Inside Athena: The Oxford Substance Use Clinician Changing Peoples’ Lives
HAVERHILL, M.A. — Joe Hannon is using his own life experience to better residents’ lives at The Oxford Rehabilitation & Health Care Center in Haverhill. He has been a Substance Use Clinician at the Essex County center since November 2018.
Before moving into his current role, Hannon, who received a Substance Use Counseling Certificate from Northern Essex Community College, had a whole different career. He spent 15 years in hospitality, then became an E.M.T., and eventually started working with elder services. That was before The Oxford started accepting patients battling the disease of addiction. Hannon would help people find treatment, and then The Oxford opened its doors to offer that assistance.
“I was coming in here to follow the clients and that’s when it came to my attention that they were hiring a Substance Use Clinician,” Hannon said.
He recalls wanting to help others at a young age. He had a vision as a child to turn his garage into a restaurant, but not charge for the food. The purpose would be to feed those who were hungry.

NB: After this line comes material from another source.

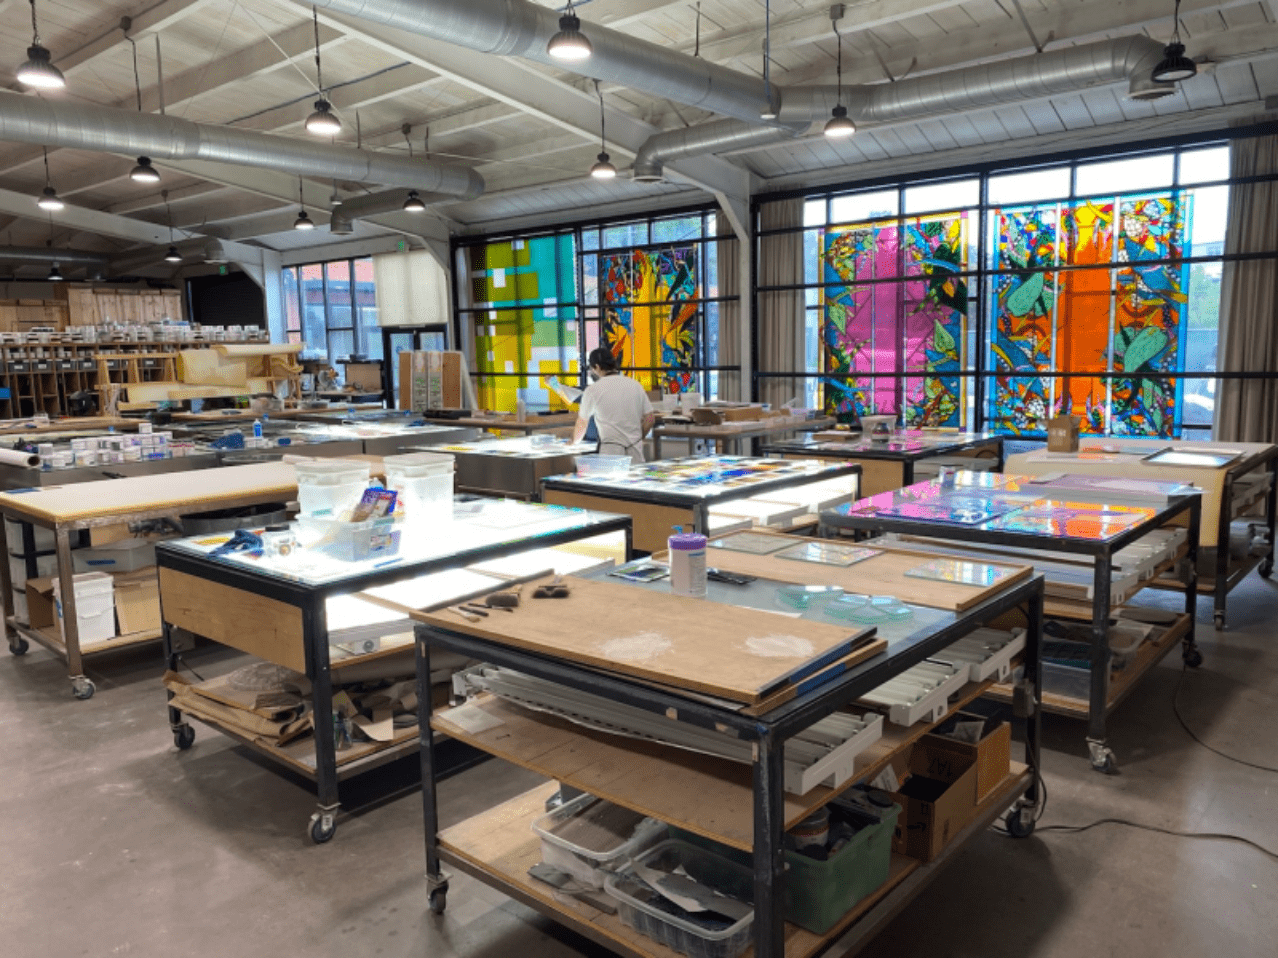 Hyperallergic: The Story Behind One of the Oldest Art Glass Studios in the US

His young dreams to make an impact on his community have followed him into adulthood. When he joined The Oxford, there were only a dozen patients with the addiction. Now, there are more than 70 getting the help they need.
“I try to instill hope in the residents and I try to educate the staff,” Hannon said. “I review all of the files for any admissions, determine if they’ve been diagnosed with the disease of addiction or if there’s some signs or symptoms present that may allude to the fact that they do.”
When someone is admitted into the center, he spends at least an hour with them to understand what their problems are and establish goals. He likes to connect them with residents who have been living at The Oxford so they don’t feel alone. The center offers recovery groups every day of the week, of which Hannon does five of them. They have meetings every morning. Twice a week there are other activities to engage the residents so they know they are not alone. On Tuesdays, there is a recovery movie night followed by a group discussion. On Fridays, the team sets up games for the residents to play so they can interact.
“I feel the opposite of addiction is connection. Addiction is a profound disconnect from yourself, from family, from community so the goal is to try to get the residents to interact and support with each other,” Hannon said.
Hannon, who holds a master’s degree in social work from Salem State University, explains how many people don’t understand what addiction is and what causes it. He runs educational courses for the staff at The Oxford so they can better understand how to work, communicate, and help people battling addictions at the center. That includes de-escalation training with their body language and their words. He said they do this because they want the residents they are caring for to know they matter and have worth.
“We had that six-session mandatory training last year so I’m doing a refresher on creating a therapeutic environment, how we can use ourselves as agents of change, how every staff member has the opportunity to provide therapy just for the way they engage with the residents,” he said. “If we can let them know that we’re compassionate and we care, that we understand and we’re not judging them, that in and itself is therapy.”
Hannon also oversees security and resident safety at the center. Some residents receive methadone as part of their recovery journey and Hannon helps facilitate that transportation for the person.
Not everyone is willing to accept the help, Hannon admits. Others are. No matter what their acceptance is, Hannon said it’s important to build a rapport with them so they know they can trust the team working to better their lives. One way he does that is by drawing on what successes they have had in the past and how they did that. If they haven’t been successful, what strengths do they have that can create those positive moments.
“We try to understand the disease and understand that the underlying emotion associated with our residents when they first get here is fear. Fear is a primary emotion, and if we can make them feel safe, if we can create a safe emotional space, if we can create a safe physical space, and provide empathy and hopefully listen, we’re going to prevent them from escalating to anger,” he said.
The work Hannon does is personal. The Quincy native has been in remission for 20 years but he doesn’t make that a part of the residents’ recovery journey. If they ask, he will tell. But he then has a question himself, “How would that help you?” He doesn’t want the focus of the person’s recovery to be shifted onto his. He may use terminology where it’s clear he had battled the addiction, and he uses his decades-long success to show that treatment does work.
Hannon doesn’t stop helping others when they are ready to go. He helps find them long-term, stable housing. The reason for what he does, Hannon said, is to instill hope and let them know they have support and worth. He said the change isn’t only because of him, but the whole team at The Oxford and Athena Health Care Systems.
“I genuinely enjoy what I do. I leave each day feeling as though I mattered,” he said. “If I can be the person just to get them through the day without leaving and using it was a success.”
His work has mattered. Not only does he receive appreciation from the residents for his support and the services offered at the center, but he was recognized by U.S. Congresswoman Lori Trahan of Massachusetts third congressional district. In April, Hannon and Therapeutic Recreation Director Donna Byrne were presented Certificates of Special Congressional Recognition by Sophia Gross, the Outreach Liaison for the congresswoman. “Your dedication to offering compassionate care to those with substance use will leave a lasting impact on the Merrimack Valley and beyond,” it read. Hannon said the recognition was shocking and nice, but notes there is much more work left to be done.